鬼男「…わかった。話そう。 俺には、パートナーがいた。苦楽を共にした大切なパートナーだ。ラメーンを知ったのは彼女と一緒に食べに行った時だ。」
リリー「ラーメンですね。」
鬼男「ああ。だが、幸せも長くは続かなかった。仕事帰りに彼女は通り魔にナイフで刺された。急所を突かれてしまったせいで出血が止まらず、病院に運ばれた時にはすでに息を引き取っていた。

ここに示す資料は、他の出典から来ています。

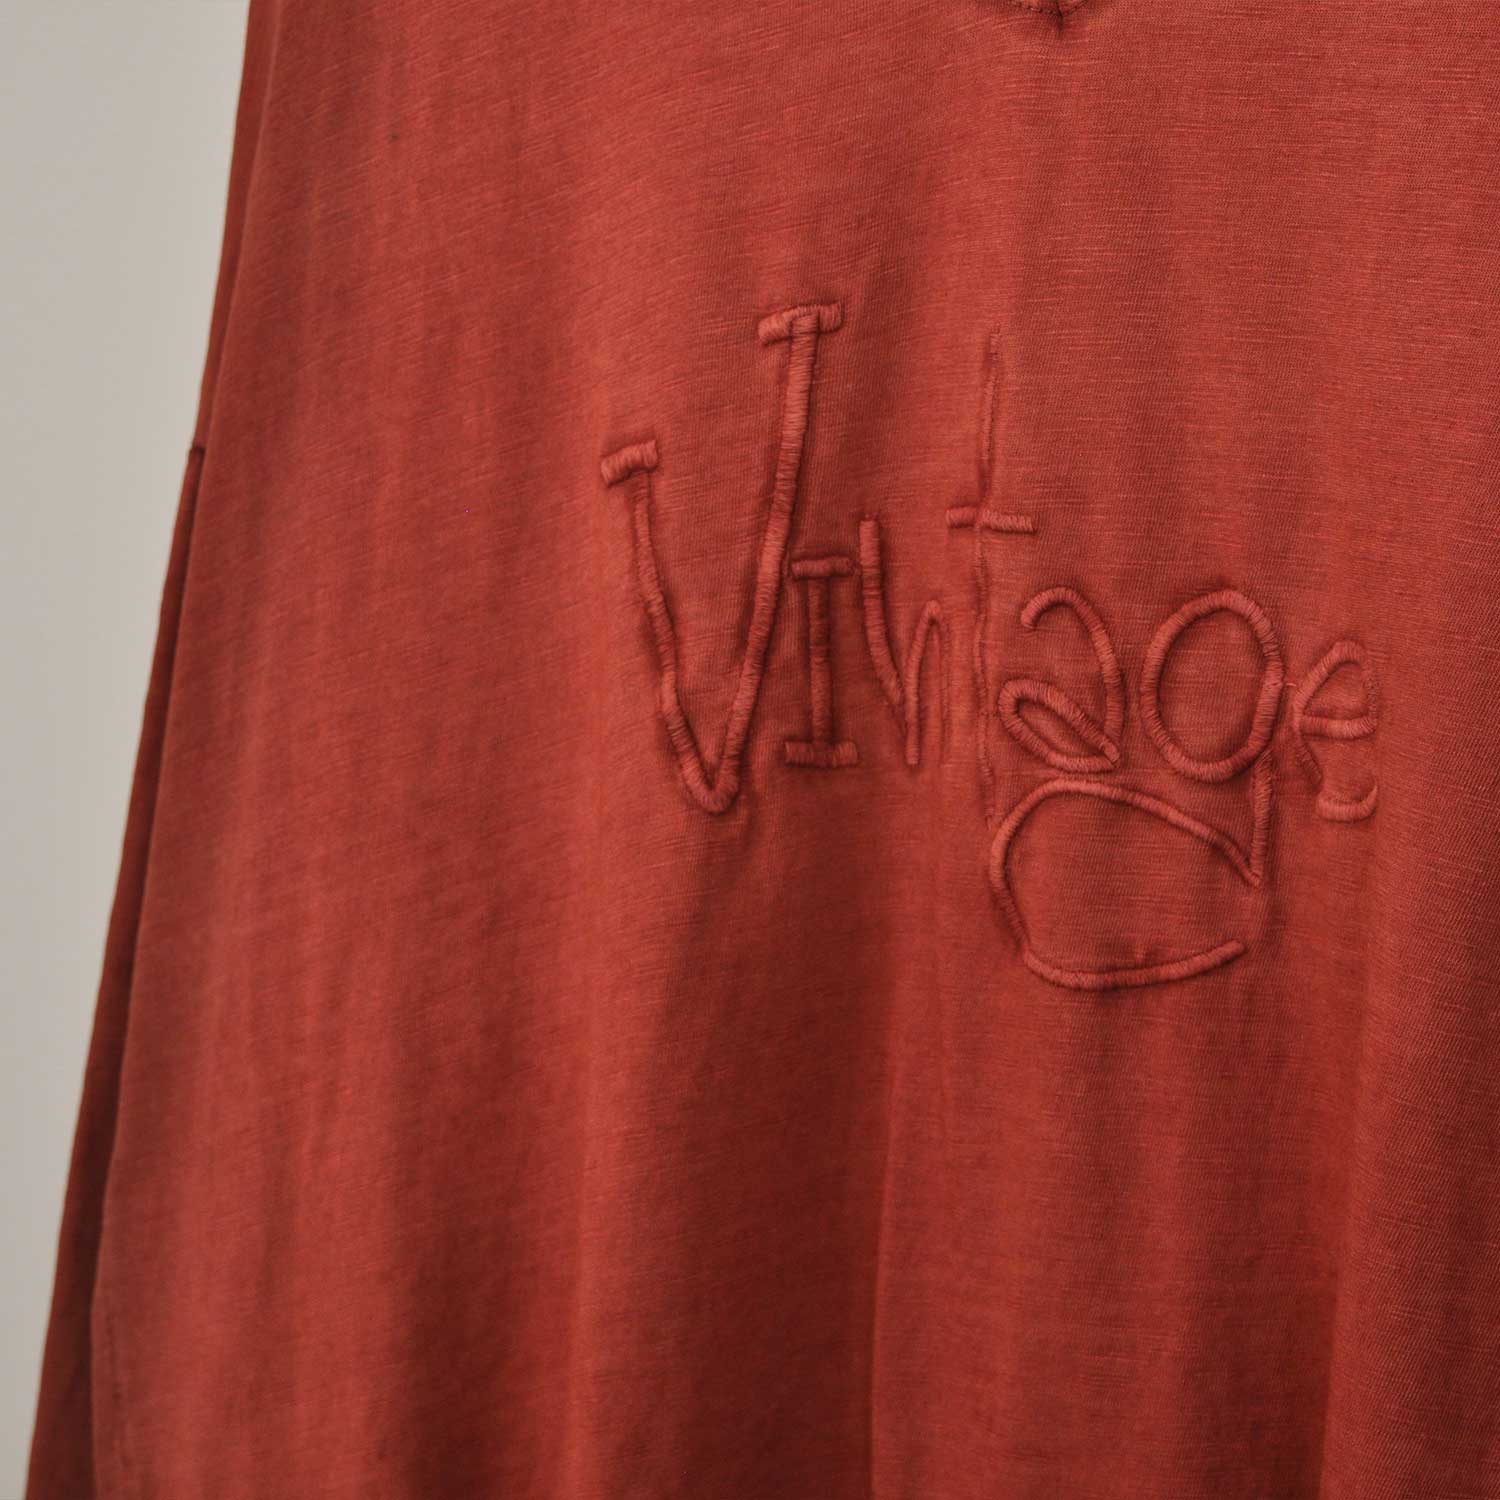 Camiseta Vintage teja

彼女の両親が駆けつけ、彼女の姿を見て、父親が俺に一言言った。
“君と一緒にいたせいで、娘は死んだんだ。君は問題を持ち込む輩に過ぎない。もう、顔を見せるんじゃない。病室から出ていきなさい。”とな。」
リリー「そんな…」
鬼男「だから俺は人間をやめた。人間ではない何かになりたかった。途方にくれていたそんな時、俺の目の前で太陽ではない、何か光が差し込んできた。とても暖かった。吸い込まれるように俺は光の中に入った。
そこで出会った方こそが、インパクト様だ。
インパクト様は俺の事情を聞いてくれ、優しいお言葉で包んでくれた。守護神になることで人を救うことができると。俺は迷わず志願した。そして現在に至るのだ。」
リリー「そんな過去があったんですね…なんかごめんなさい」
鬼男「なぜ謝る。」
リリー「鬼男さんは、やみくもに怒って厳しい方としか見てなかった。鬼男さんの過去を知って鬼男さんの力になりたいって思ったんです。」
鬼男「そうか。ありがとう。」
誰にだって思い出したくない過去がある。思い出すと胸が苦しくなって、時には涙が止まらなくなる時だってある。

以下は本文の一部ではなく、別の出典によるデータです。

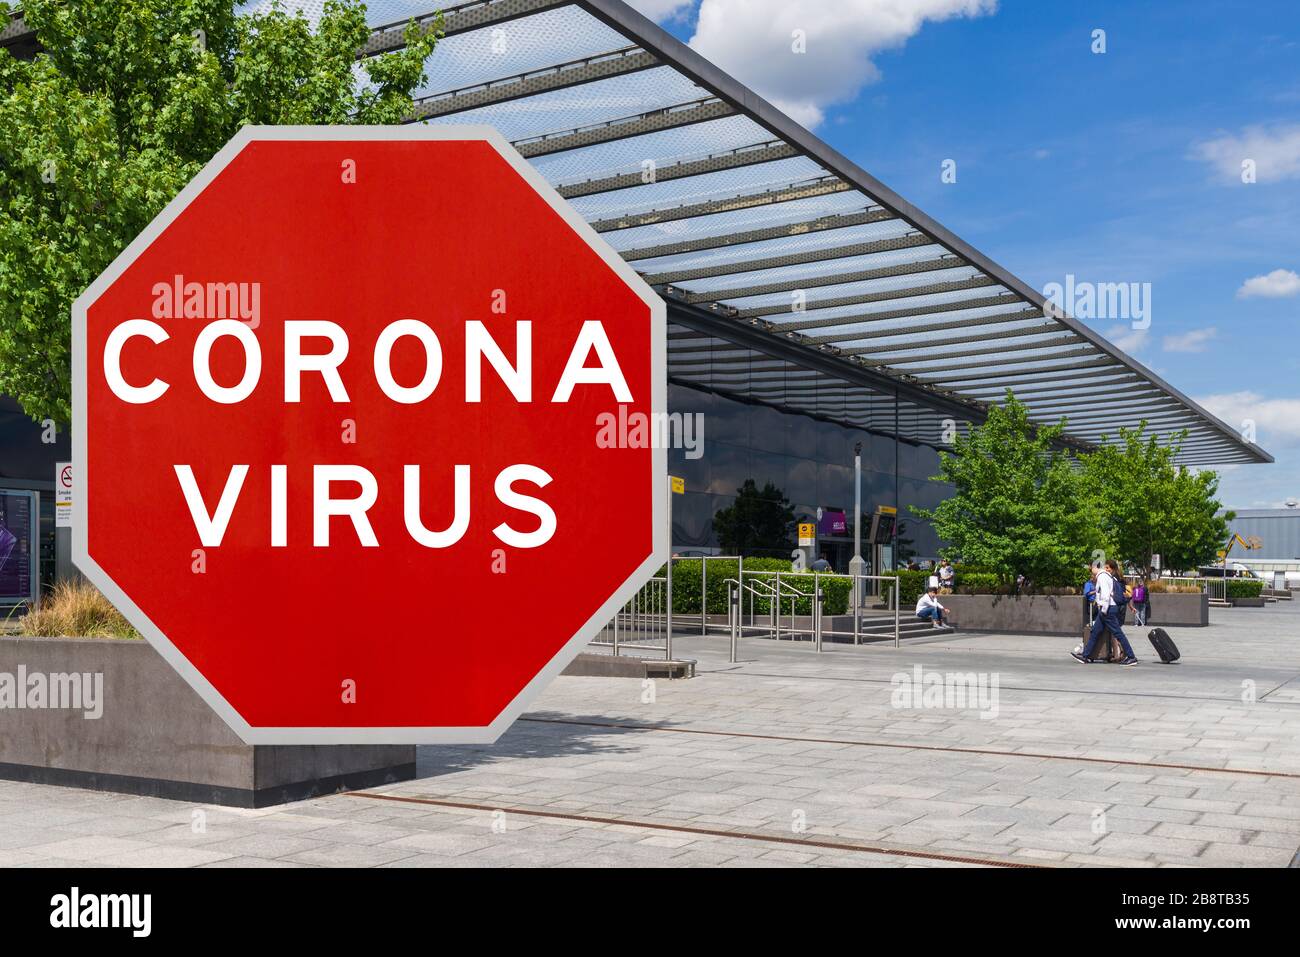 Konzeptbild mit großem roten Coronavirus Warnschild vor dem Heathrow Terminal, Konzept für Reisebeschränkungen Stockfoto

それでも、前を向いて力強く進まなきゃならない。そしてそこには、必ず自分のことを分かってくれる仲間がいる。仲間の為に恩返しをしたい。だから、人間は心が強くて優しいんだと思う。
鬼男「で、本題に戻るが、残党を束ねている者だが、リリー、お前の身内もしくは、家族に英会話講師をやっている者はいないか。」
リリー「英会話…講師…お父さん…お父さん?お父さんが英会話講師をやってますけど。」
鬼男「そいつだ。」
リリー「えっ?でも…」
鬼男「残党を束ねている者は天鬼族にも精通してる者だと推測している。つまり、お前の父親は、天鬼族だと思われる。」
リリー「えっ…」
何が何だかわからないけど、お父さんが天鬼族。そんなこと一度だって聞いたことがない。もしそれが本当なら今すぐ止めなきゃ!
真実を確かめる為にリリーの父の事を極秘で調べることになった。
嘘であってほしい。切に願うリリーであった。